Mehr Achtsamkeit üben: Still zu sitzen und nichts zu machen, fällt den meisten Menschen sehr schwer. Um diesen Ruhezustand zu erreichen (zum Beispiel beim Meditieren), hat kein Geringerer als Buddha den Anapanasati-Atem empfohlen. Dabei geht es darum, die Gedanken auf den Atem zu lenken.
Am besten sitzt man dazu aufrecht in einer ruhigen Umgebung und schließt die Augen. Nun langsam beginnen, den Atem durch die Nase aufzunehmen und durch den Körper fließen zu lassen. Dabei sollten Sie versuchen, ihn aktiv wahrzunehmen, beispielsweise wenn er durch die Nasenlöcher ein- oder austritt. Am besten fokussieren Sie sich auf nur einen Punkt und nehmen wahr, ob der Atem lang oder kurz, tief oder flach ist.
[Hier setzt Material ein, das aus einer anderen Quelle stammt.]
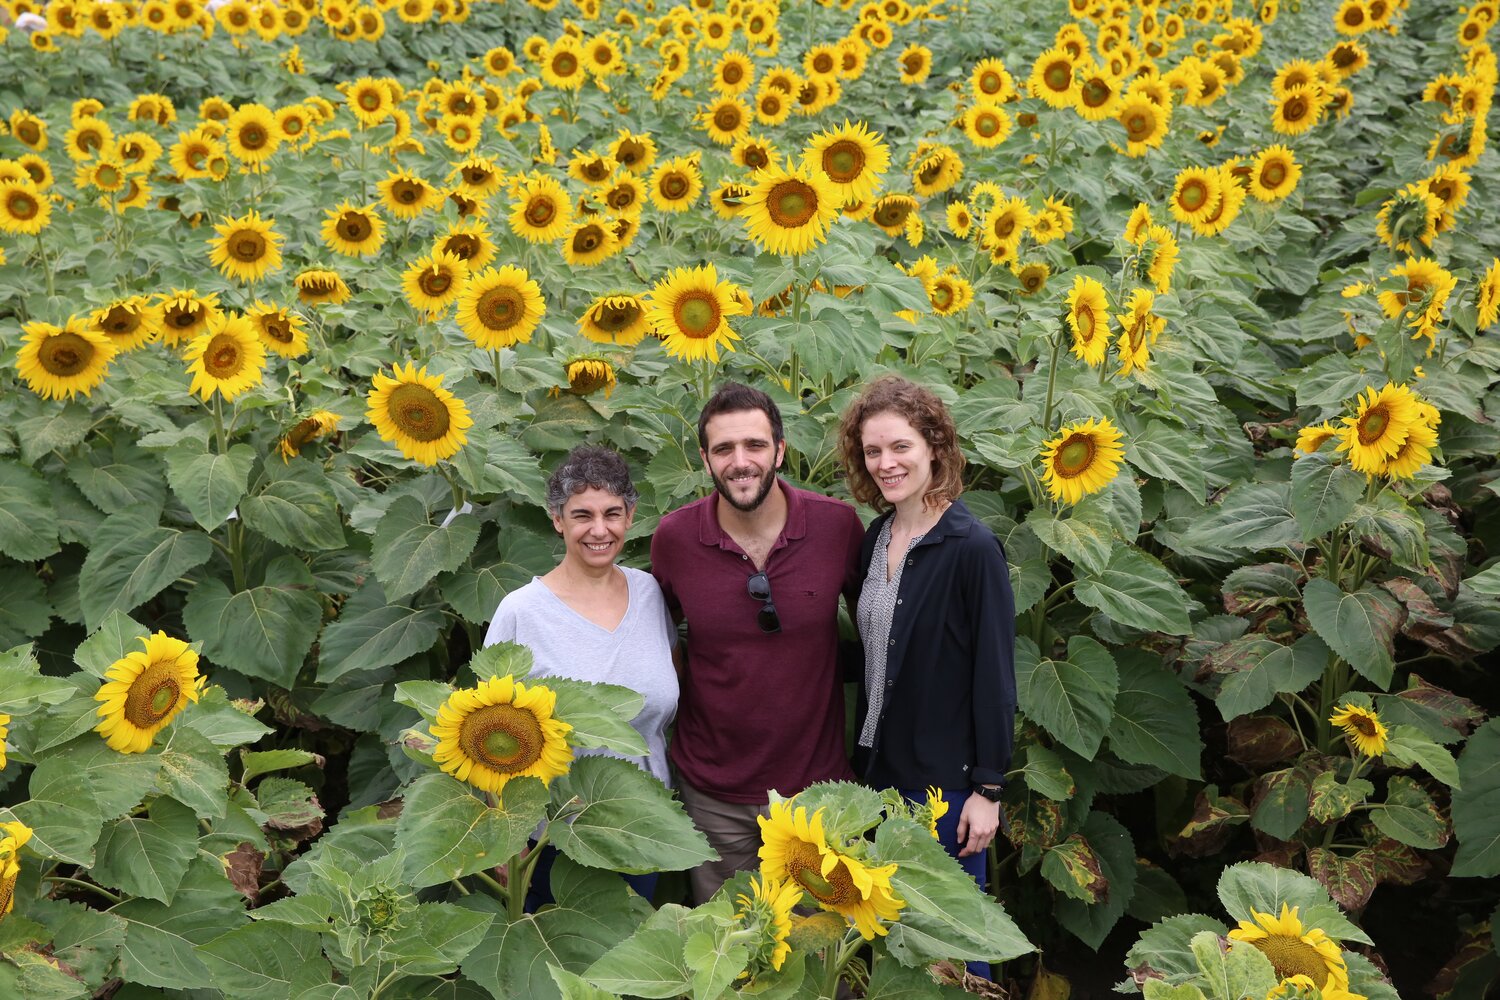 Day 1: We were welcomed by Dr. Ruth Heinz, Director of the INTA Research Center for Agricultural and Veterinarian Sciences (CICVyA), as well as several sunflower researchers, students, and technicians. Pictured here (from left to right) are: Norma Paniego, Principal Investigator, who is also the national leader of the Crop Wild Relatives sunflower pre-breeding project; Juan Montecchia, a postdoctoral student, who is leading the Verticillium trials; and Emily Warschefsky, a postdoctoral researcher and representative of UBC, the lead partner of this international pre-breeding effort.

Die richtige Atmung kann auch Heißhungergefühle hemmen. Dazu entspannt und aufrecht hinsetzen (zum Beispiel im Schneidersitz) und mit dem Daumen der rechten Hand das rechte Nasenloch verschließen. Zeige- und Mittelfinger nach unten klappen. Links einatmen, das linke Nasenloch mit dem Ringfinger verschließen, Atem kurz halten. Nun das rechte Nasenloch öffnen und langsam ausatmen. Dann ...
... durchs rechte Nasenloch einatmen, beide Nasenlöcher verschließen, Atem kurz halten und dann den Ringfinger lösen und durch das linke Nasenloch ausatmen. Das ist ein kompletter Atemzyklus. Diesen so lange wiederholen, bis ein Gefühl von Ruhe eintritt. Der letzte Atemzug erfolgt mit einer Ausatmung durch das linke Nasenloch. Diese Wechselatmung hilft auch gegen Spannungskopfschmerzen.
Für alle Atemtechniken gilt: Draußen in der Natur, umgeben von Vogelgezwitscher oder Meeresrauschen, funktionieren die Übungen am besten. Nehmen Sie sich die Zeit, um tief Luft zu holen. Danach sieht die Welt meist schon ganz anders aus. Stress, Wut und Schmerz werden gemildert und Ruhe tritt ein.